ACW could be used to opt-in use of Tor.

Those not wanting to use Tor however would have to edit apt sources lists and remove the tor+ to be able to upgrade through clearnet.

Does that sound great and/or optional enough?

2 Likes

I don’t know how they do it, but Beef project does give an indication whether the hooked browser is being ran from a VM or not.

Looks good in my opinion.

I was under the impression we recently removed the tor sources anyway due to low reliability?

1 Like
1 Like

Just to keep focus, I thought it might be useful to sum up what’s being discussed here. Probably some redundant stuff, but it’s easy to lose focus when there are so many parameters involved.
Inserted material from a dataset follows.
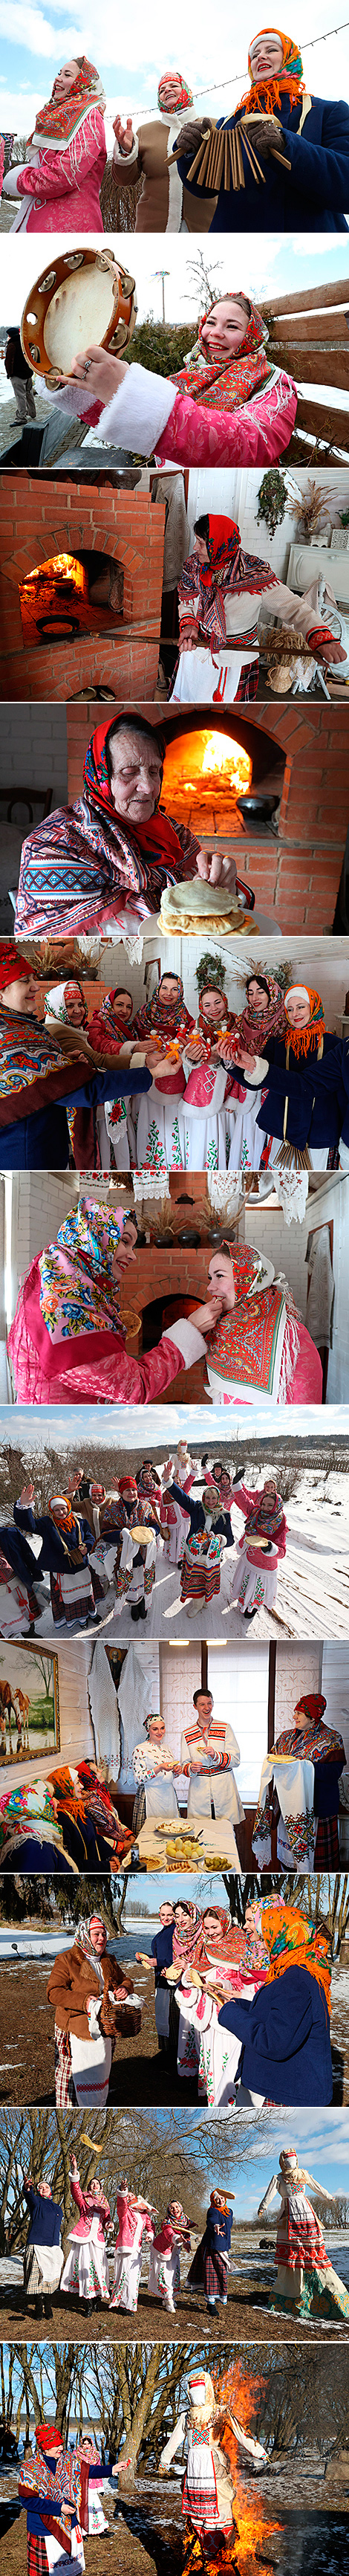 莫吉廖夫州谢肉节庆祝活动的美好传统

Please let me know if I forgot something.

So we are discussing whether the Whonix Host/Desktop currently in development (temporary name, see here for more details about the project: Whonix host operating system) should be shipped with default Whonix/Tor settings or not.

As a reminder, the Whonix Host/Dekstop project currently aims at providing the following features:

  1. A fully functioning XFCE Desktop based on Hardened Debian (also temporary name), basically a Debian stable derivative with various enhanced security settings (see Hardened Debian - Security Focused Linux Distribution based on Debian - In Development - Feedback Wanted!)

  2. Shipped as a live bootable BIOS/UEFI ISO file with preconfigured Whonix-Gateway/Workstation VMs running on KVm for amnesic use and the Calamares Installer to install the whole system on hardware (see Whonix Desktop Installer with Calamares - field report)

The reasoning behind removing all Tor/Whonix-related stuff on the Whonix Host/Dekstop is that the end user may want to benefit from the various security enhancements we ship with this derivative without actually starting up Tor services/being identified as a Whonix user, which in certain instances could even hurt him.

If he wants to use Tor and Whonix, he would instead use the preconfigured Whonix VM that work out of the box, both from the live iso and from the installed system.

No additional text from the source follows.